Merck acquired Acceleron (XLEN) in 2021 when it began a Phase III clinical trial for Sotatercept for $11.5 billion. I want to use that as a basis for setting a price on GOSS, but it compares apples to oranges. XLEN had other drugs in its pipeline and sold for close to its market cap.
The stock is selling at less than cash and deserves a higher multiple based on the potential to exceed a billion dollars in annual revenue.

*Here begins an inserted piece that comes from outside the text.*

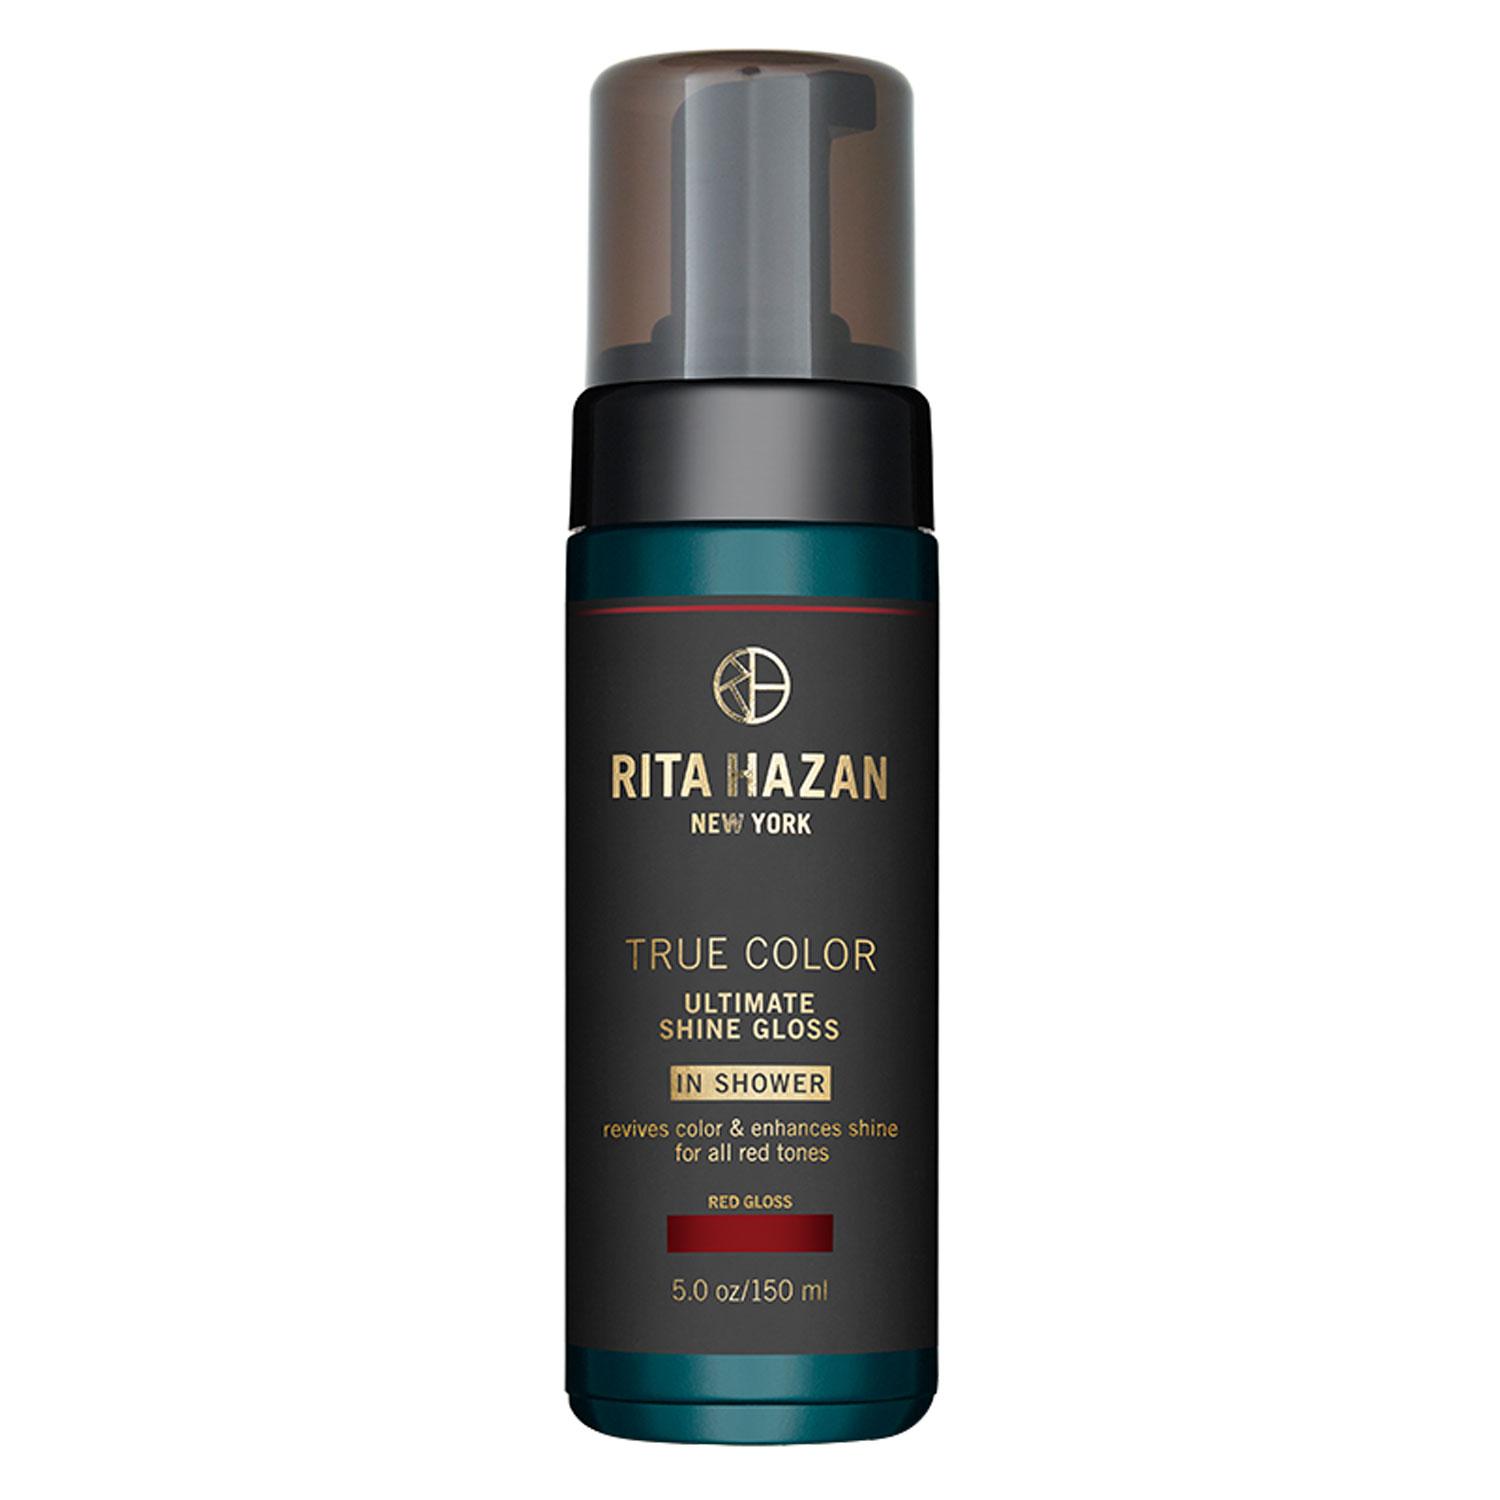 Rita Hazan New York - True Color Ultimate Shine Gloss Red

Piper Sandler’s price target is $16/share, Oppenheimer’s is $9, Leering Partners’ is $6, and H.C. Wainwright’s is $10.
Risks
The obvious risk is that the Phase III results do not support FDA approval. Competing PAH drugs are also emerging. Keros Therapeutics (KROS) recently began stage II clinical trials for its PAH drug. Janssen Pharmaceutical, a division of Johnson & Johnson (JNJ), recently received FDA clearance for the first daily pill for PHA patients. Interestingly, Janssen’s pill had inferior 6MWD results than Sotatercept, but it is offered in a much easier-to-administer format. Mochida Pharmaceuticals launched its PAH drug in Japan last year.
Conclusion
The stock has had a roller coaster ride, trading at lows and below cash value. The company has beefed up its management team and board of directors. It has formed a symbiotic partnership with a large global pharmaceutical company as data from its Phase II study points to FDA approval for its lead drug candidate. Due to the large cash balance, there’s a low chance of further dilution before the anticipated FDA approval. The shares are supported by strong institutional investment, and insider buying.